▶ The task: Using the records that appear below, write out exactly the lines from the one with "Llama De Fortnite" through the one with "Lampada da tavolo", keeping both end lines.

Records for the exercise: Begin

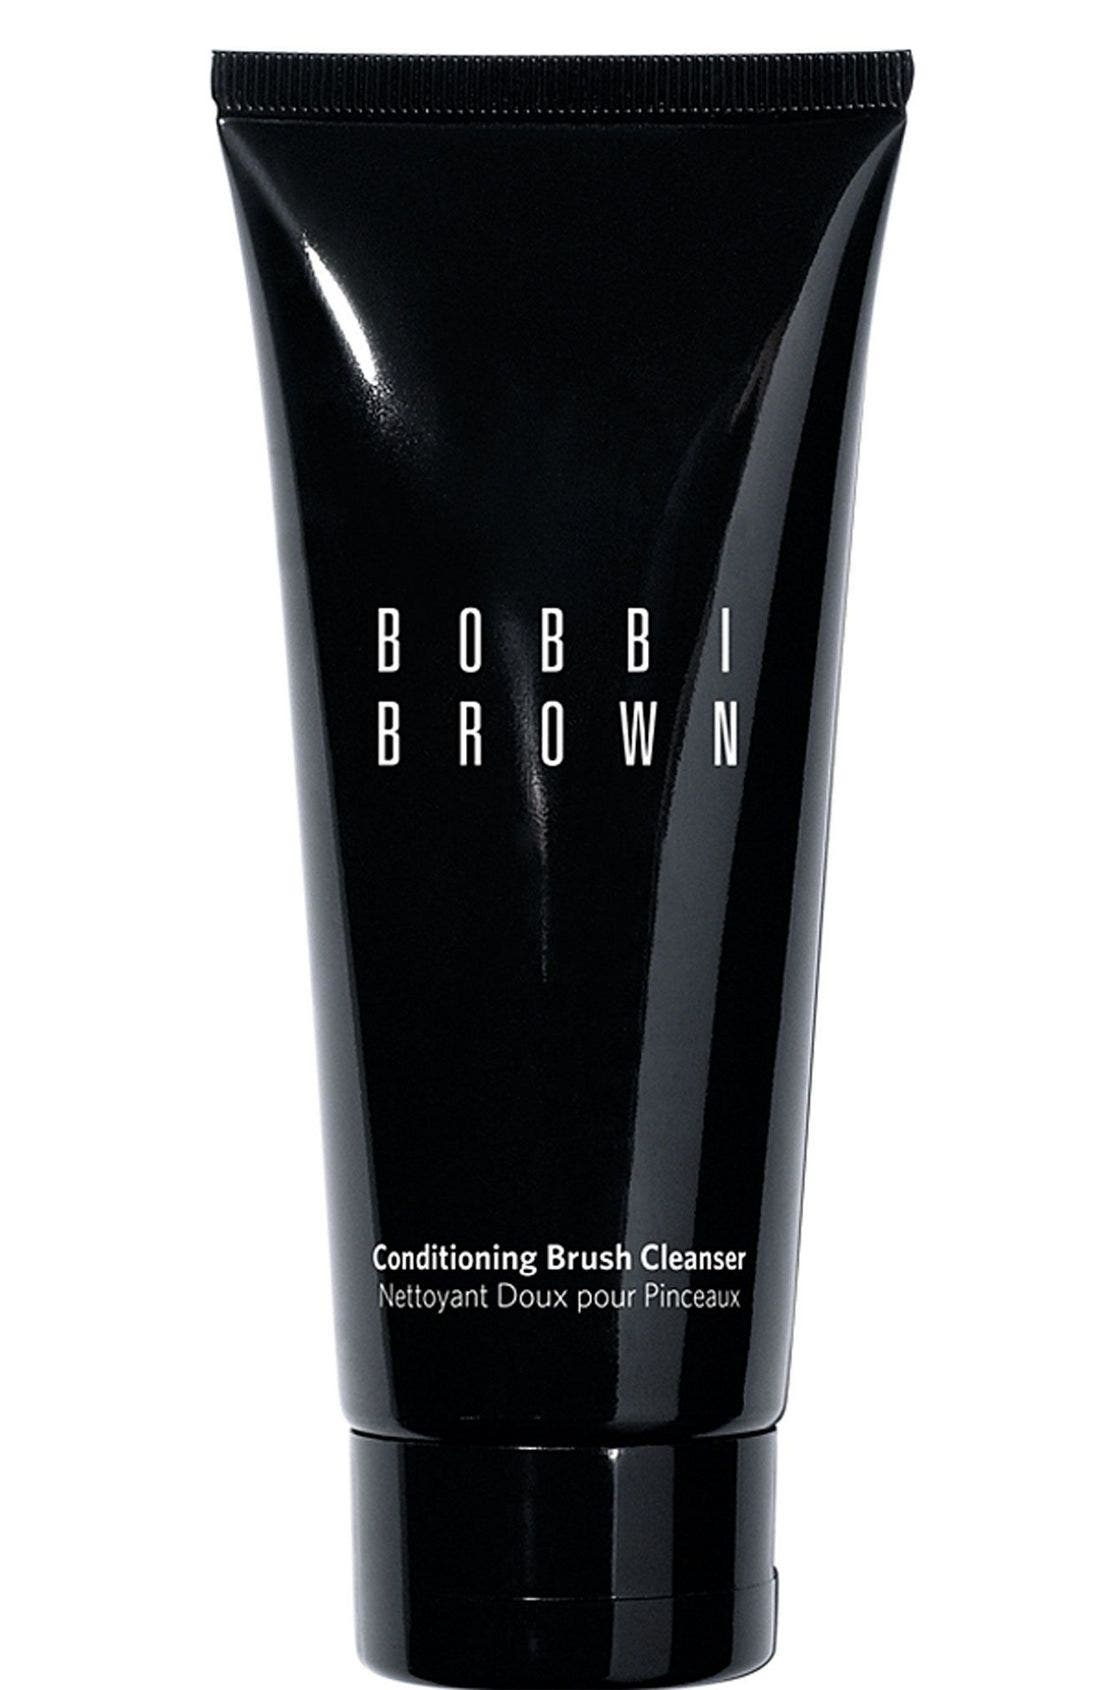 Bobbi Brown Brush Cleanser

Records for the exercise: End
Records for the exercise: Begin

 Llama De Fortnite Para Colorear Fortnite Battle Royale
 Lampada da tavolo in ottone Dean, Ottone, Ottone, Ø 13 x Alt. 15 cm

Records for the exercise: End

▶ Completed task:
 Llama De Fortnite Para Colorear Fortnite Battle Royale
 Lampada da tavolo in ottone Dean, Ottone, Ottone, Ø 13 x Alt. 15 cm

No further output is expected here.